◆ **Exercise prompt**: Return the data below exactly, but only from the line containing "Let the Palena" through the line containing "Arnotts Marie Biscuits 250g *", with both of those lines included.

Extracted records section start

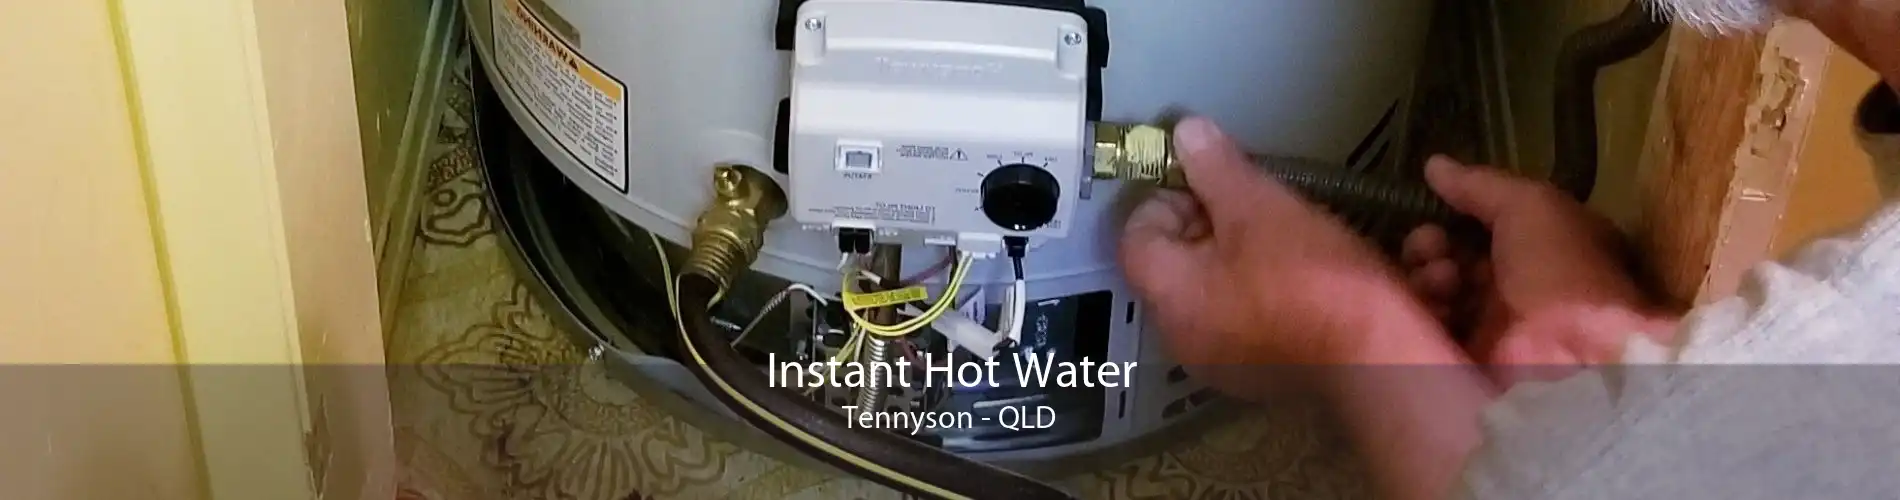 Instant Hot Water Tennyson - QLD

Extracted records section end
Extracted records section start

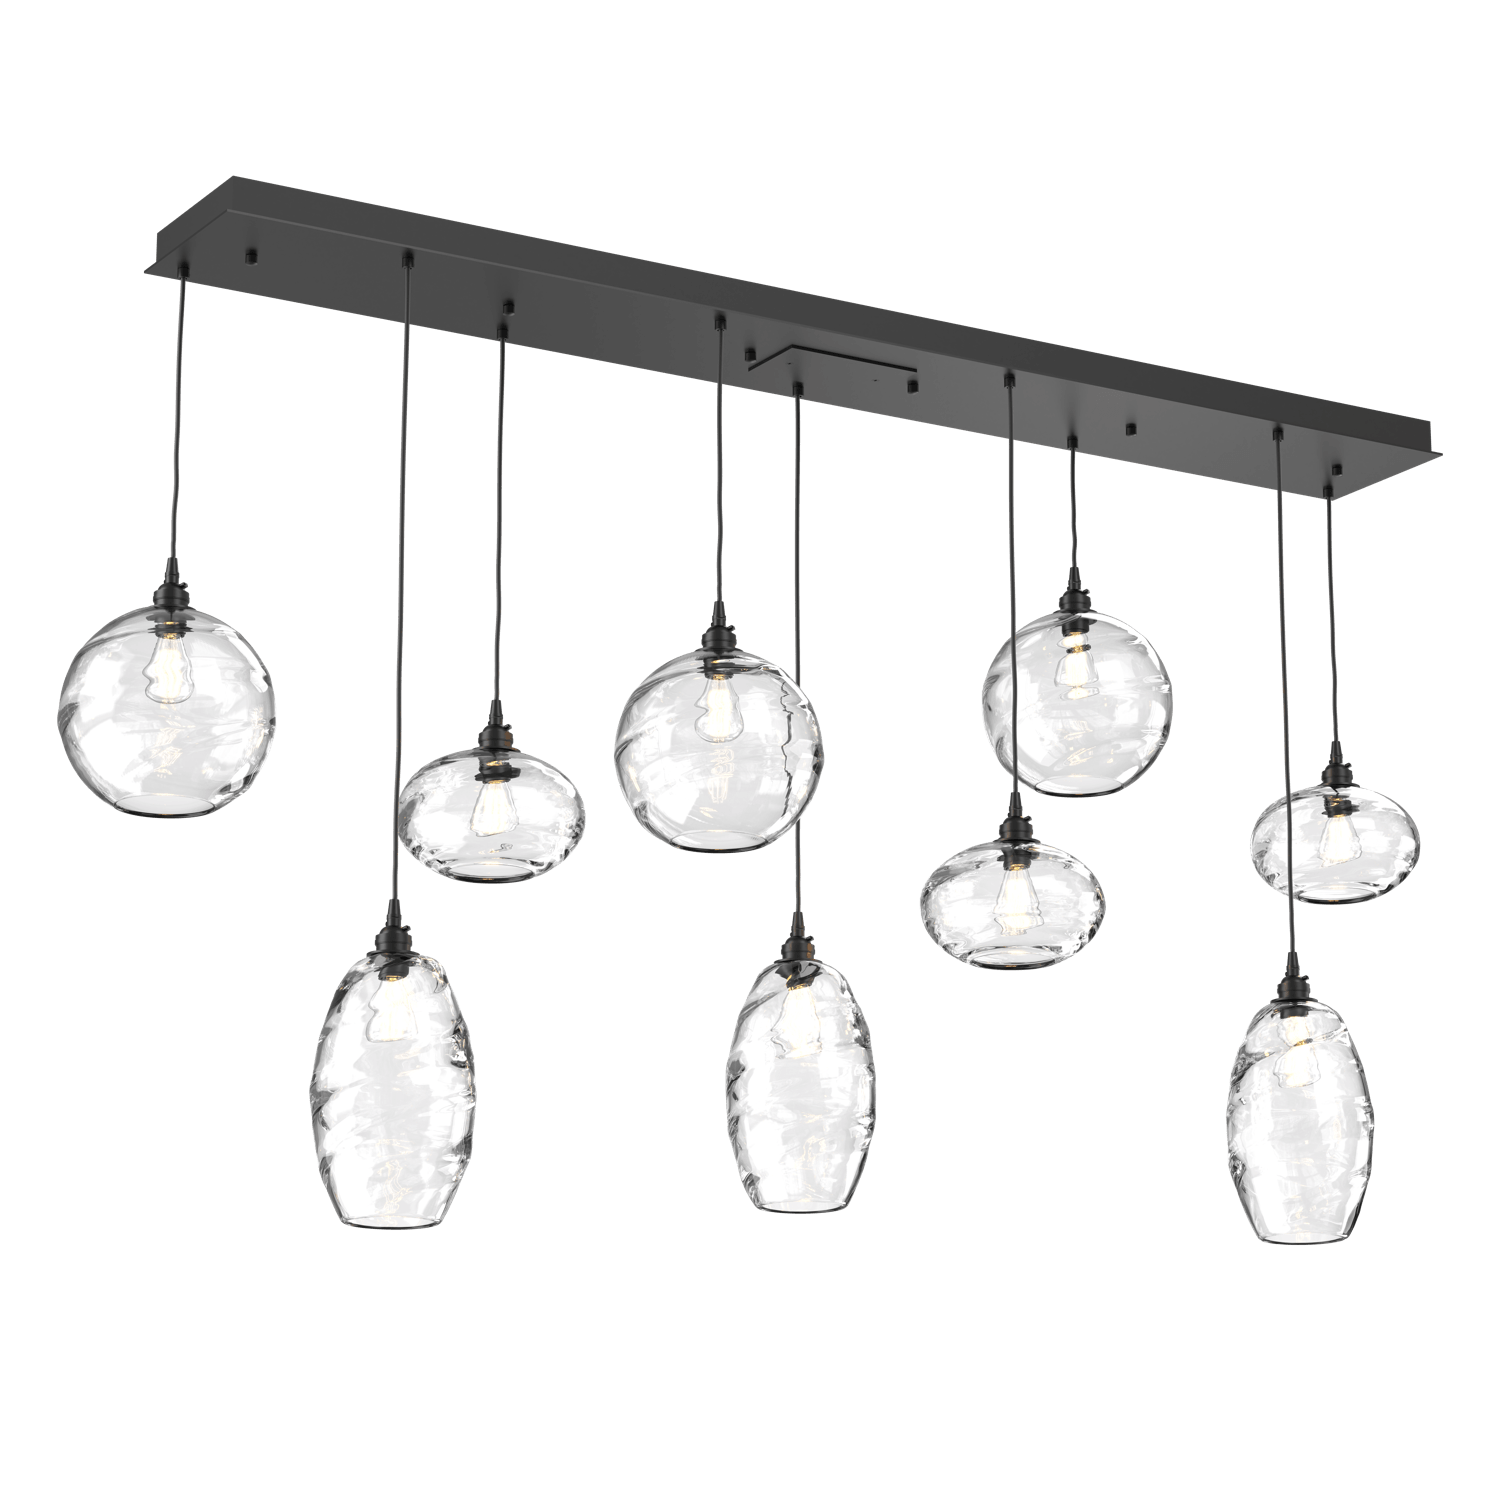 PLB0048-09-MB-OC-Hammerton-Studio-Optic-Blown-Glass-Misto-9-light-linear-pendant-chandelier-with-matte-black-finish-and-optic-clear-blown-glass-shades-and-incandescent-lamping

Extracted records section end
Extracted records section start

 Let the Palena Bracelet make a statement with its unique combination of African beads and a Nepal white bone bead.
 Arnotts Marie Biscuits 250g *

Extracted records section end

◆ **Answer area**:
 Let the Palena Bracelet make a statement with its unique combination of African beads and a Nepal white bone bead.
 Arnotts Marie Biscuits 250g *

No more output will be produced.